The step to a high-performance semantic search engine leads inevitably via machine learning or neural networks.
Google’s involvement in artificial intelligence and machine learning began in 2011 before the launch of “Hummingbird and the Knowledge Graph” with the launch of “Google Brain.”
Google Brain’s goal is to create neural networks. Since then, Google has been working with its deep learning software DistBelief and its successor, Tensor Flow, and the Google Cloud Machine Learning Engine to expand its infrastructure for machine and deep learning.
According to its statements, Google has almost quadrupled its deep learning activities since 2014, as can be seen from the slide in Jeff Dean’s lecture below.
Source: Jeff Dean / Google presentation
So far, machine or deep learning has been used with high probability or according to Google’s statement for the following cases:
- Categorization or identification of search queries according to search intent (informational, transactional, navigational …)
- Classification of content/documents according to the purpose (information, sales, navigation …)
- Discovery, categorization of entities in the knowledge graph
- Text analysis via natural language processing
- Recognition, classification, and interpretation of images
- Recognition, classification, and understanding of language
- Detection, classification, and description of videos
- Translation of languages
The new thing is that Google can now carry out this categorization better and better because it is continually learning and, above all, automated.

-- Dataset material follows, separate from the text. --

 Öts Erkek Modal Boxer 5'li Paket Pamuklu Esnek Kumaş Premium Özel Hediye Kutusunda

Digital gatekeepers like Google need increasingly reliable algorithms to accomplish these tasks autonomously. Self-learning algorithms based on artificial intelligence and machine learning methods will play an increasingly important role here. This is the only way to ensure the relevance of results or expenditure/results in line with expectations – while at the same time ensuring scalability.

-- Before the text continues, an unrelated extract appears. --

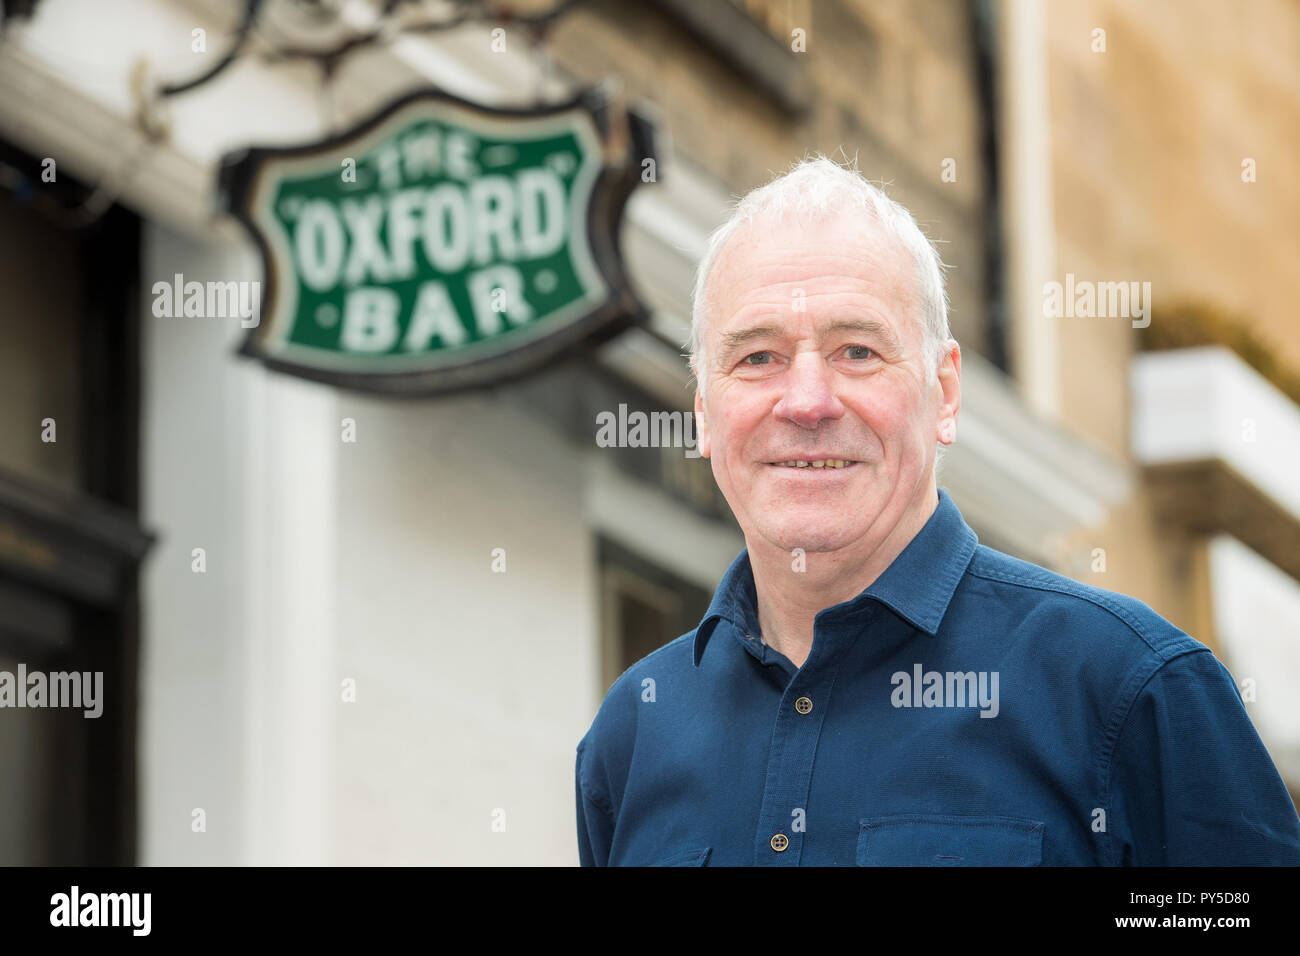 Harry Cullen il locatore della Oxford Bar su giovani St (Rebus luogo) è la vendita di fino e il barista Kirsty spera di poter acquistare il posto. Foto Stock
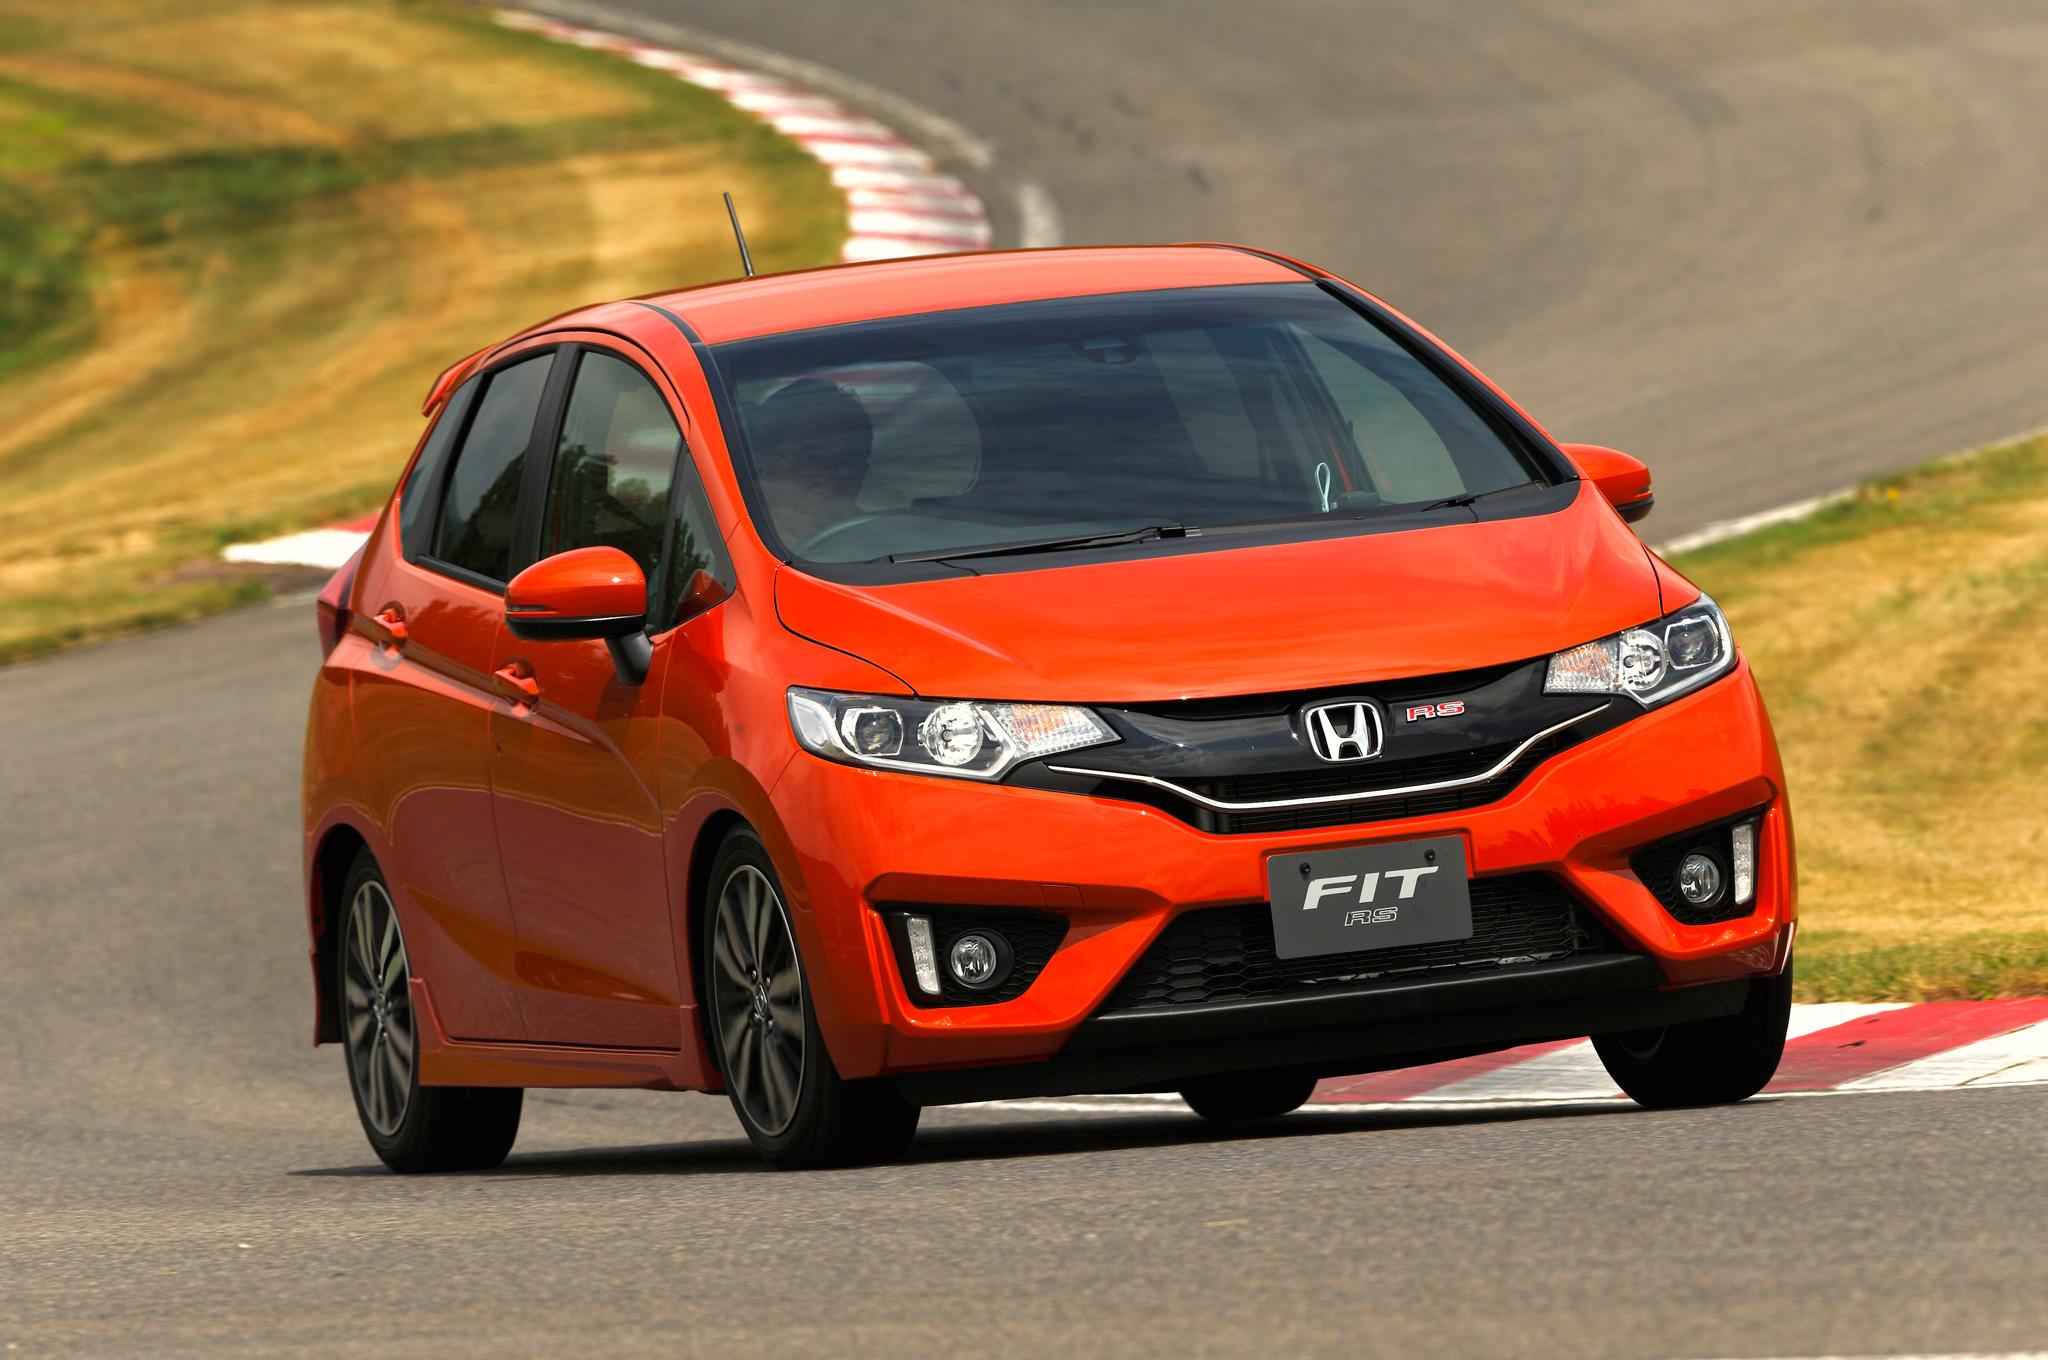 Novo Honda Fit 2014 - Preço, Consumo, Fotos, Ficha Técnica e Avaliação

With a view to the semantic understanding of search queries and documents, machine learning is essential for performance.
It is, therefore, no coincidence that the three most essential introductions to the Google search Knowledge-Graph, Hummingbird, Rankbrain, and Google’s significantly intensified commitment to machine learning are very close in time over three years.
Conclusion: Google is on the way to semantic understanding
With milestones such as the Knowledge Graph, Hummingbird, and Rankbrain, Google has come to a step closer to the perfect search engine. Statistics, semantic theories, and basic structures, as well as machine learning, play a vital role.
Google wanted to introduce the semantic search with the Knowledge Graph and the Hummingbird algorithm. Today, however, it is becoming clear that the goal of developing a semantic understanding has long failed due to the lack of scalability.
Only in interaction with machine learning systems does the semantic classification of information, documents, and search queries in the broad mass of search queries and reports become practical without having to make significant sacrifices in performance – also thanks to the active help of SEOs and webmasters, the information mark yourself manually.
The ability to make predictions about what a user wants when he enters a previously unknown search term in the search slot has only become possible through machine learning.
The path to the perfect search engine is probably something to go, but the steps there have been significantly larger since 2013. Given the progress Google has made in deep learning in recent years, it can be assumed that semantic understanding will improve exponentially in the future.